In un post sul suo blog, The Conscience of a Liberal, Krugman osserva come il più importante canale di trasmissione della politica monetaria della Federal Reserve – molto più importante degli investimenti delle imprese – sia il mercato della casa.

Come mai? Per una questione di durata. Un mutuo per la casa può durare 30 anni, mentre per l’acquisto di macchinari un’impresa tipicamente si indebita a una scadenza attorno ai 5 anni. E se i tassi scendono dal 6% al 4%, la rata mensile per l’impresa scenderà appena del 5% ma quella del mutuatario del 20%.

La differenza è enorme e spiega perchè sia proprio il mercato immobiliare il settore dell’economia più sensibile alle manovre sul costo del denaro da parte della banca centrale.

In una recessione, dice Krugman, quello che tipicamente succede è che la Fed taglia i tassi, il mercato della casa si rianima, e da qui la ripresa della domanda si trasmette via via al resto dell’economia.

Ma si tratta di uno scenario realistico nella situazione di oggi? Per Krugman, niente affatto, visto che lo scoppio della bolla immobiliare è l’epicentro della crisi, e il ritorno a valutazioni realistiche appare ancora molto lontano, come dimostra il seguente grafico, a cura del Congressional Budget Office, sul rapporto tra prezzi e affitti (price-to-rent ratio):

Conclude Krugman: “E’ mai possibile che la Fed riesca a tagliare i tassi al punto da creare un altro boom immobiliare? […] E se non è possibile, quanto può davvero fare la Fed per aiutare l’economia?”

Può fare poco, sembra. Sia per sostenere i mercati che l’economia. Ma questa è la storia di tutte le bolle. Sono, purtroppo, eccezionali: nell’euforia che generano, e nelle depressioni che lasciano al loro passaggio.

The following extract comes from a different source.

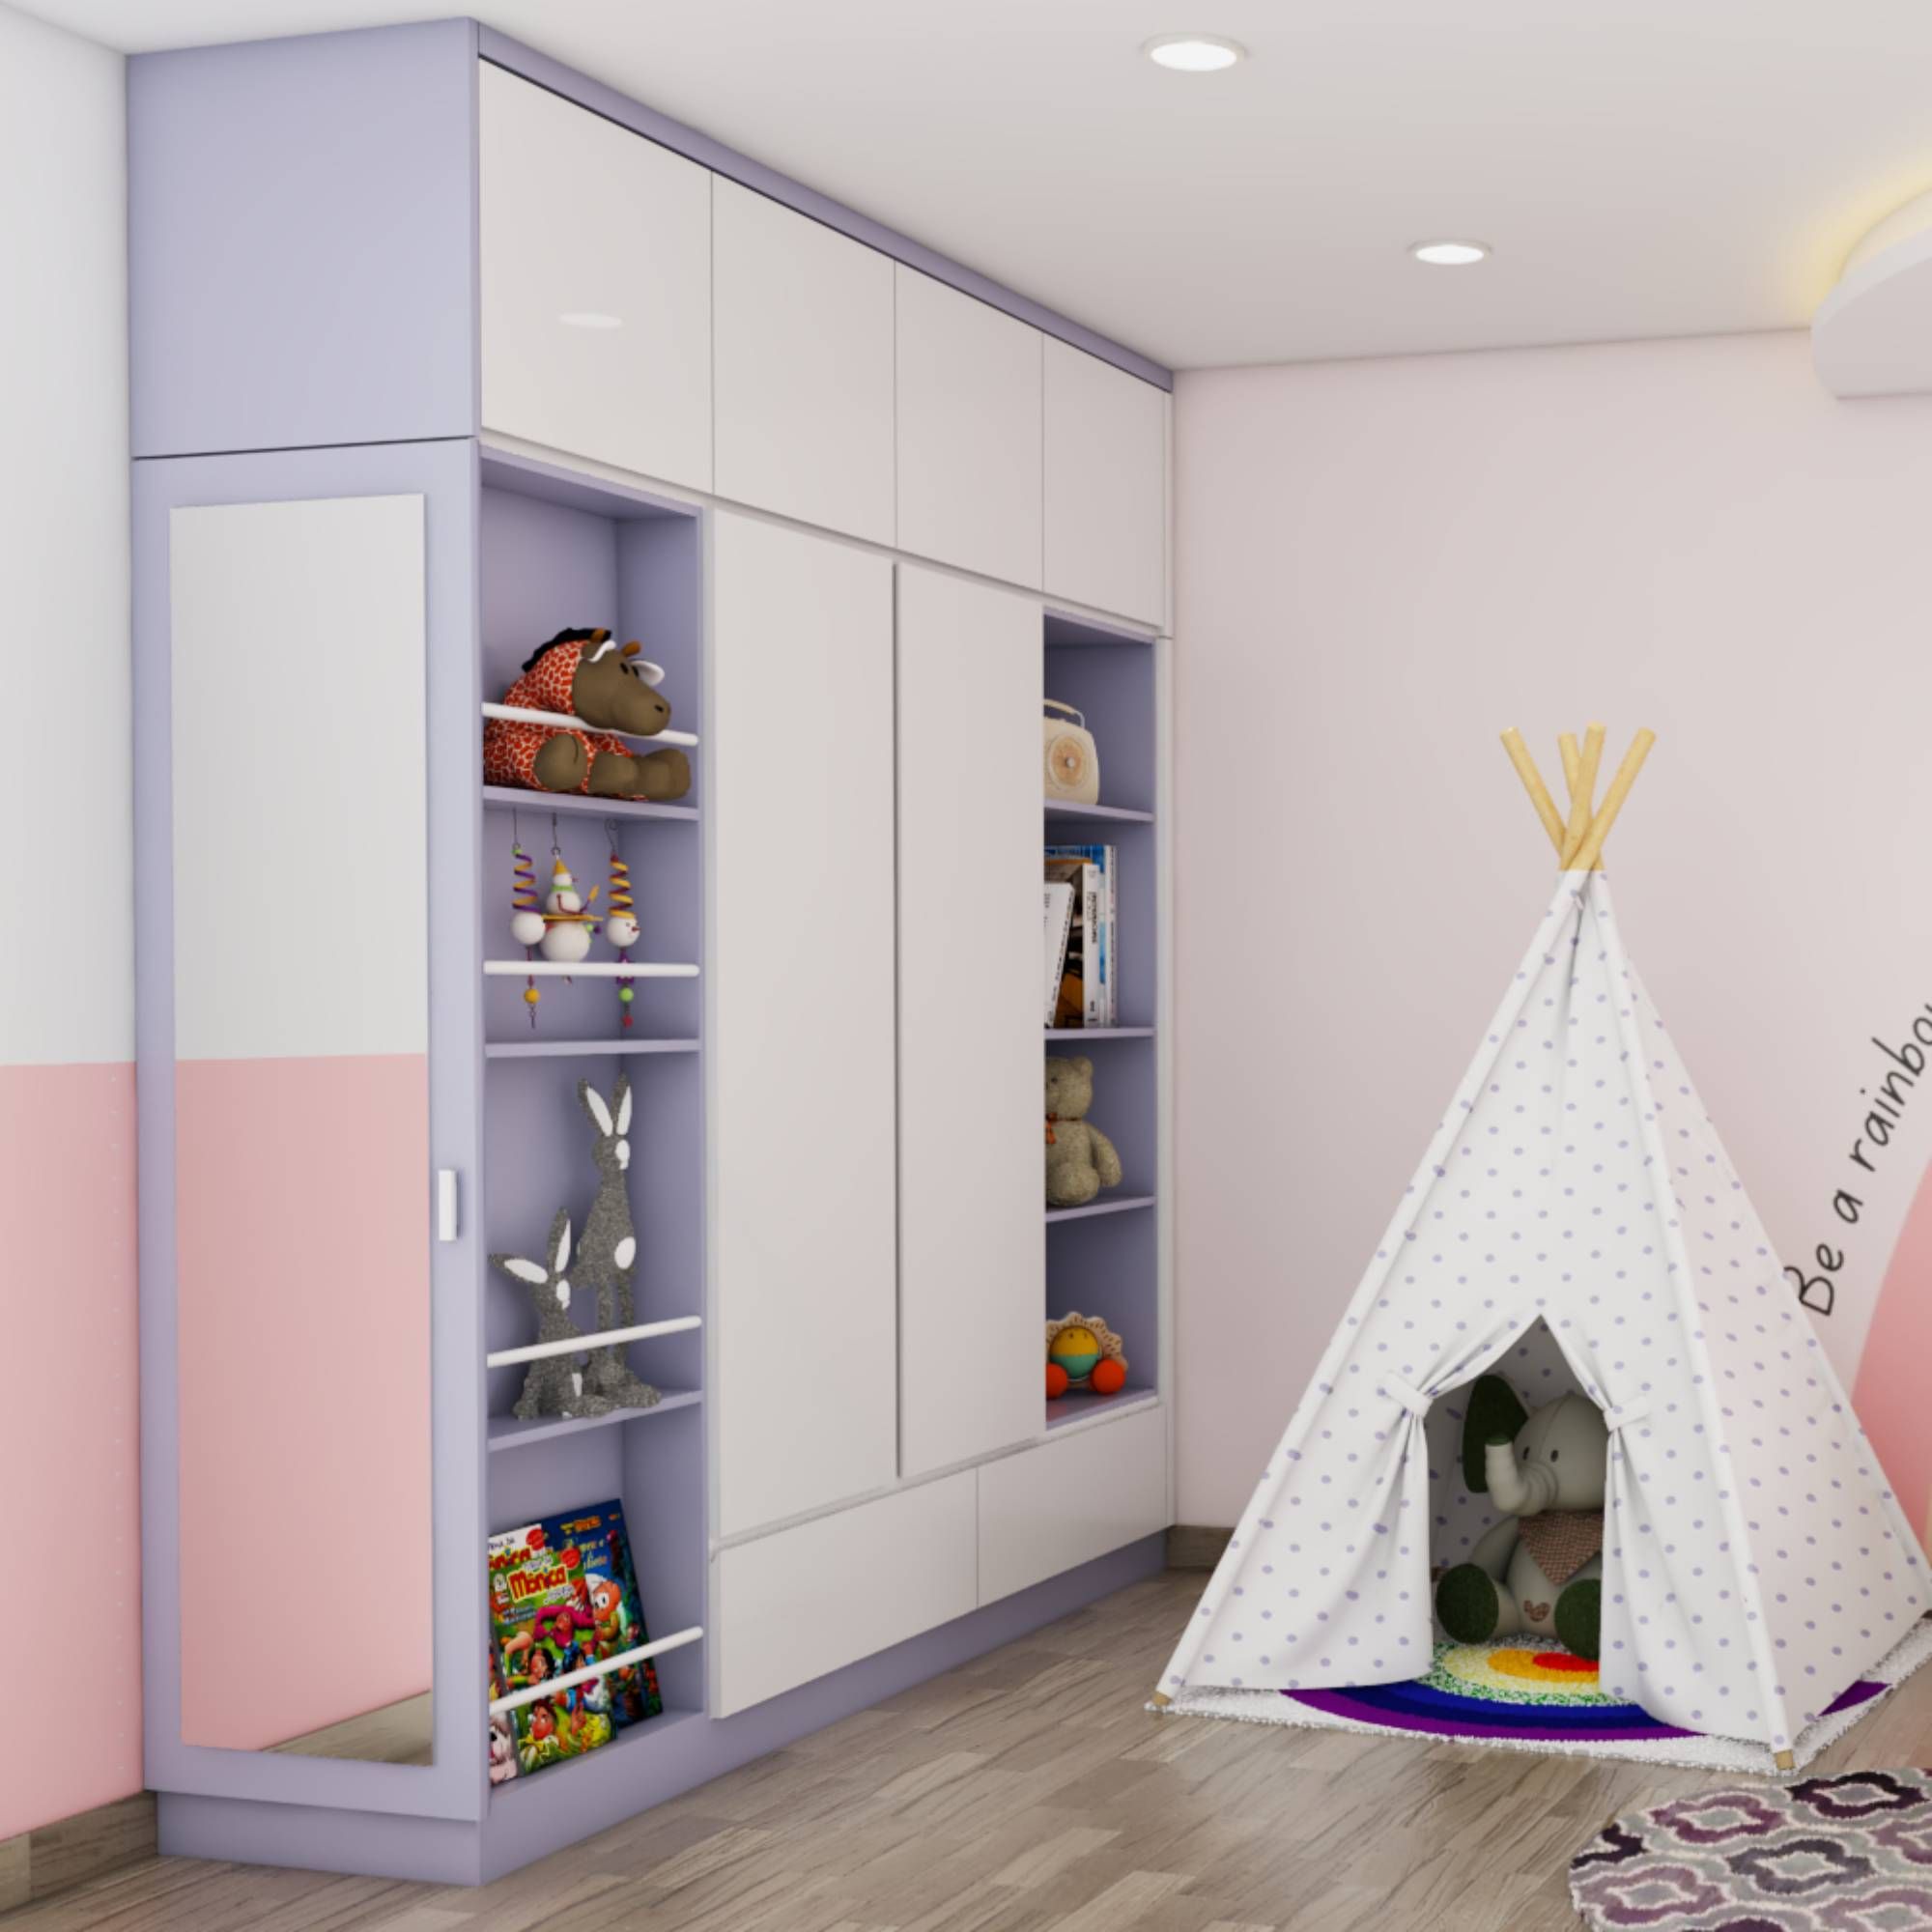 Modern 2-Door Swing Wardrobe Design In White Pink And Purple

Il mercato delle idee: curve, commodities e bolle

Tra gli articoli recenti che vado a esporre nel mercato delle idee ci sono le riflessioni di Barry Ritholtz sui dati americani sull’inflazione, un ammonimento di Mike Panzner tratto dall’andamento della curva dei rendimenti, le previsioni di PIMCO, che resta bullish sui mercati delle commodities, un’interessante ricerca di Michael Mauboussin sull’importanza del carattere per un investitore, le considerazioni di Northern Trust sui tratti sempre più speculativi del rally del mercato azionario cinese.

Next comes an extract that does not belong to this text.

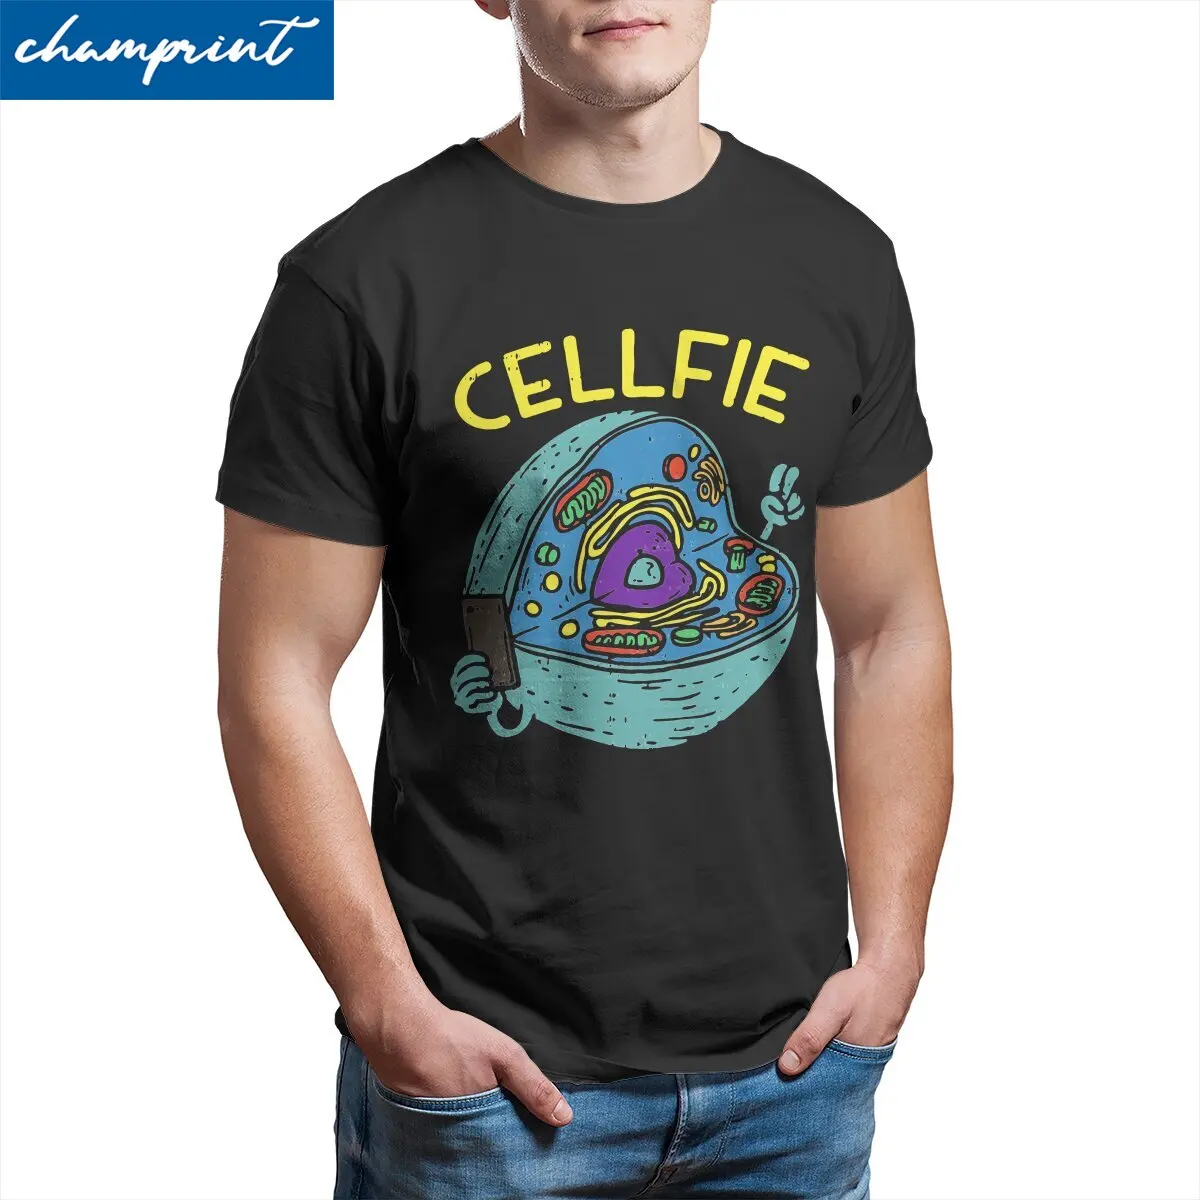 

Cell fie Biology Teacher T-Shirt for Men Chemistry Science Humor 100% Cotton Tee Shirt T Shirt Birthday Present Clothes

Le borse si sono entusiasmate per gli ultimi dati sull’inflazione Usa. Ma le statistiche sono ingannevoli, come ben argomenta Barry Ritholtz in The Big Picture.

La curva dei rendimenti Usa, dopo un protratto periodo di inversione, è tornata ad avere un’inclinazione positiva, in seguito al brusco rialzo dei tassi a lunga. Chi ha interpretato positivamente la novità, e sono i più, rischia di sbagliarsi di grosso, come mostra Mike Panzner su Bloggingstocks.

Il pessimismo sul dollaro va molto di moda. Eppure, forse anche per questo, il biglietto verde potrebbe essere a una svolta. Di nuovo Mike Panzner nel suo blog .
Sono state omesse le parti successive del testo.